Credit Card interest is simple terms is profit for the credit card company. Credit card companies work on the principle that they provide money for the present transactions, provided they have it returned to them by the end of the month. The cost of this present transaction is the amount that they charge as credit card interest. Their investment, which is the money they provide at the moment, earns them the interest. So in effect, it is their return on investment.
If a person was to be told that he would make a return of around 20 % on his investment, he/she would be delighted. These are the sorts of interest rates that huge financial institutions aim for. However if the person were to be told that he is in fact, giving up 20% more of his money every time he uses his credit card, that would leave a slightly distasteful impression. Credit card interest is precisely that. It is the amount that users have to pay to be able to utilize their credit cards at present.

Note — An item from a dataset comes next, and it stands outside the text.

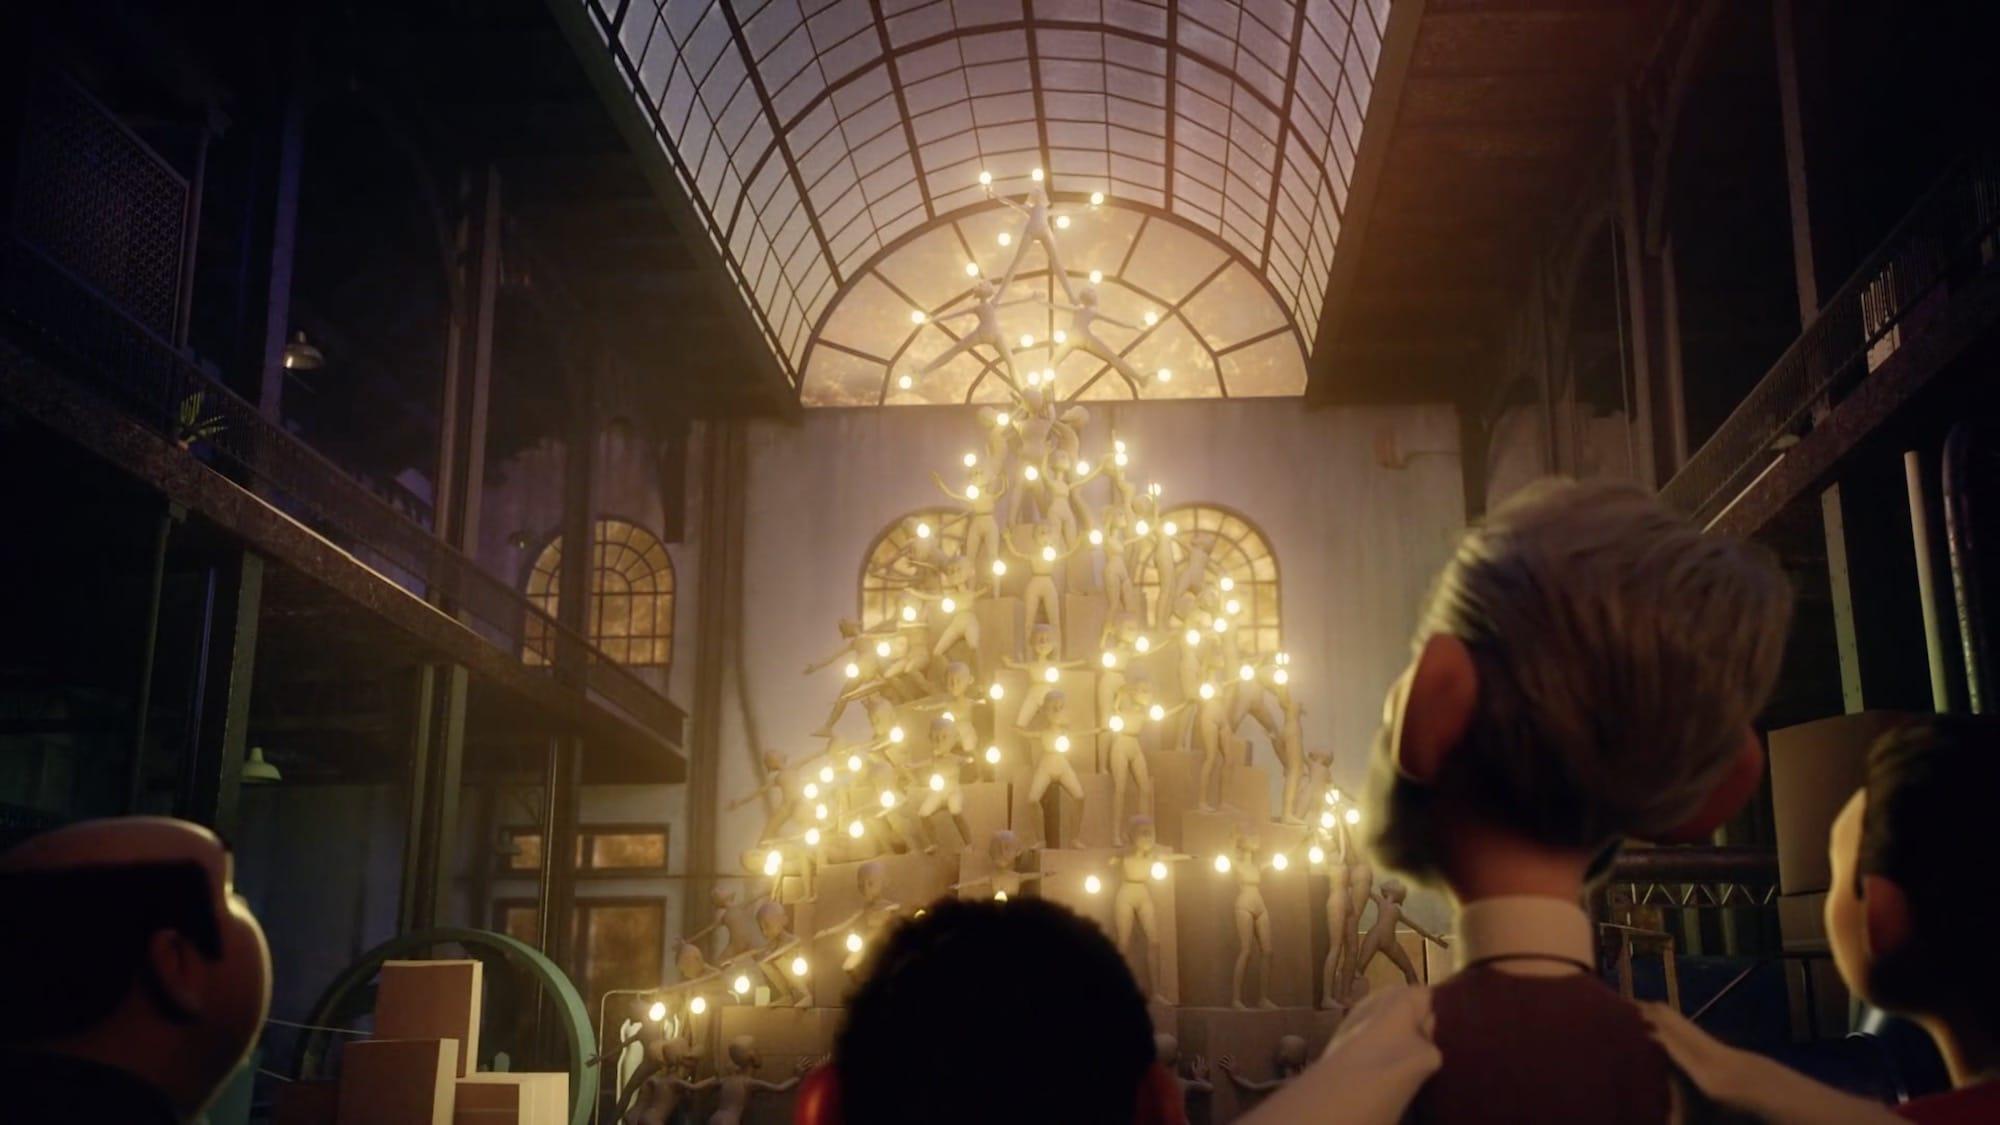 Loteria-de-Navidad-movie-02-hero

Most people who are in debt suffer precisely because they have failed to understand the concept of credit card interest. Being unaware of the accumulated debt and the consequent interest rate being charged, consumers foolishly believe that minimum payments can suffice and their credit card debt will eventually shrink back. However, surveys have shown that once under debt, consumers do not easily come out of it unless they drastically change their shopping habits. This is why it becomes essential for people to first understand that their credit card interest is not something to be taken lightly. Card companies try and promote their products by advertising lower rates or redefining the names but in effect, these are just gimmicks. Credit card interest rates do not change unless a broader shift in economy takes place. Consequently, consumers should analyze their shopping habits before proceeding since ultimately, they are the ones paying the credit card interest.